However, in validation studies it was observed that different test conditions may generate contrasting responses in terms of individual statistics (e.g. Table 1, bias and precision statistics for two GM events).

Table 1 Validation statistics and the calculated indicator by aggregating them via fuzzy logic-based rules

To obtain a clearer insight into overall method performance and suitability of particular methods for a certain use, the European Union Reference Laboratory for GM Food and Feed (EURL-GMFF) initiated to establish overall method performance assessment of quantitative GMO detection systems based on vague set mathematics in a so-called fuzzy logic approach to decision support [13].

For this, a comprehensive approach aimed at capturing the overall performance of the detection methods in a systematic manner through aggregating the outcomes of the different performance criteria into a single method performance index has been developed. In this respect, the application of fuzzy logic principles has been evaluated at the EURL-GMFF [14].

Validation metrics can be first combined in modules. In a second step, modules are combined in a single performance index according to the inferential rules described for the fuzzy logic. Hereinafter, we describe the modular aggregation indentified by the EURL-GMFF to conflate the parameters typically expressed in method validation for GMO detection.

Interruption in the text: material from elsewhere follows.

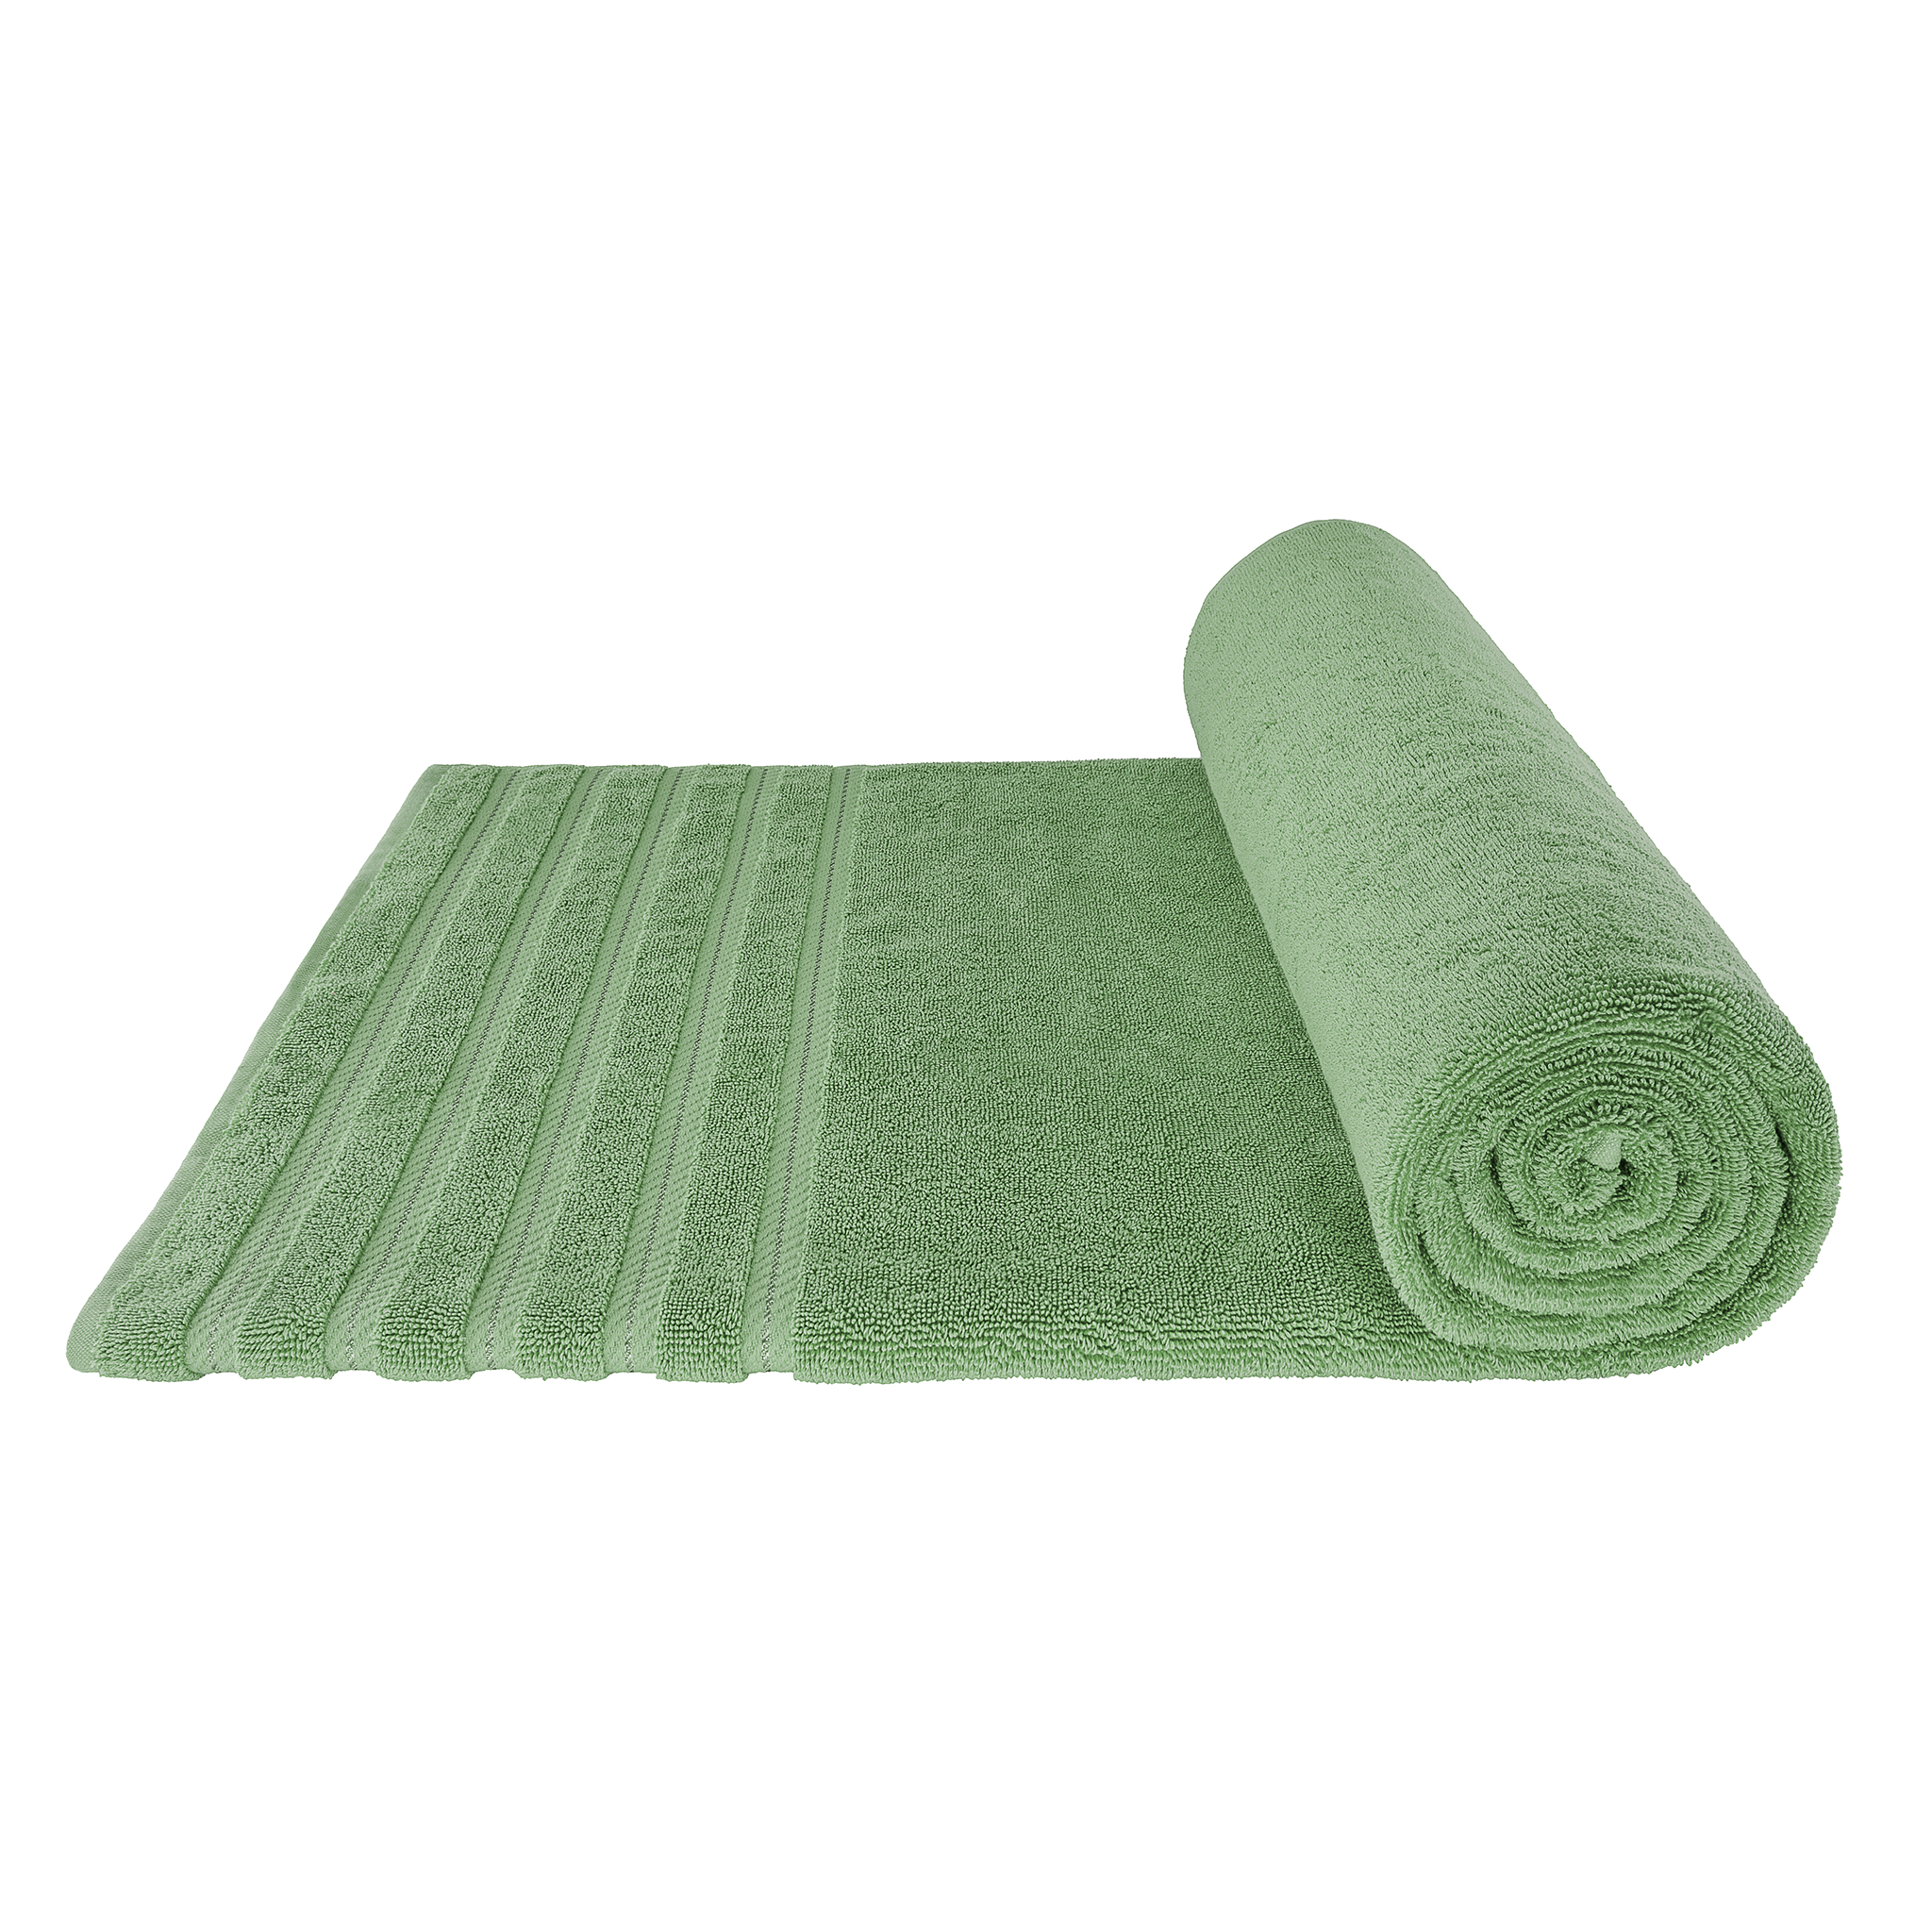 American Soft Linen - 35x70 Jumbo Bath Sheet Turkish Bath Towel - 16 Piece Case Pack - Sage-Green - 6

As explained in [14], three modules can be defined: the qPCR method efficiency (combining the statistics for the efficiencies of the trans- and endo-gene quantitative qPCR method), the method applicability (representing the number of reagents, components in the reaction setup) and the qPCR system accuracy (combining the statistics on bias, repeatability and reproducibility). At a second stage, these three first-level modules are combined into a single GMO detection system performance index. This combination of statistics is supported by an expert weighing expression of the balance of importance of the individual inputs and their aggregation into modules. Modules and their corresponding indicators are dimensionless measures residing between 0 (best response) and 1 (worst response) as calculated via a fuzzy-based procedure [14]. Unlike crisp setting, three so-called membership classes were defined for individual outputs—favourable (F), unfavourable (U), partial membership—using transition curves in the range F to U (Fig. 1).

Fig. 1
figure 1

Example of crisp (top) and fuzzy (bottom) membership functions (x = the value of each individual input). Top graph: a = threshold value; S(x;a) = the crisp membership of the input x. Bottom graph: a = the lower threshold (values of x lower than a have membership to unfavourable class equal to 1 and to favourable class equal to 0) value; b = the upper threshold (values of x greater than b have membership to unfavourable class equal to 0 and to favourable class equal to 1); c = (a + b)/2; S(x;a;b) = the membership of the input x to the favourable set; its complement, 1 − S(x;a;b), gives the degree of membership of the input x to the unfavourable set

Fuzzy-based indicators permit to construct a flexible model (Fig. 2) in which multiple inputs (x 1 , …, x n , representing basic statistics) are aggregated into a single indicator. Inputs in a module (and, in turn, modules in the indicator) are combined according to decision rules. In particular, expected weights are assigned to each input (and, consequently, to the inputs when they are combined in the fuzzy model), the higher weight being assigned to the preposition that the expert judges farthest from good performance. The expert reasoning runs as follows: if all inputs are F, then the weight is 0 (best performance); if all inputs are U, then the weight is 1 (worst performance), while all the other combinations assume intermediate weights. A single output is ultimately resolved (defuzzification) on a value between 0 (best) and 1 (worst).

Fig. 2
figure 2

Schematic diagram of a two-stage fuzzy inference system for assessment purpose. The operational flow starts with the conversion of basic inputs (x 1 , …, x n ) into fuzzy rules and ends up with the crisp (defuzzified) output (z); aggregation of basic inputs into modules (y 1 , …, y n ) is an intermediate step (w 1 , …, w n are the expert weights applied to basic inputs; ‘w 1 , …, ‘w n are the expert weights applied to modules; U is the unfavourable threshold)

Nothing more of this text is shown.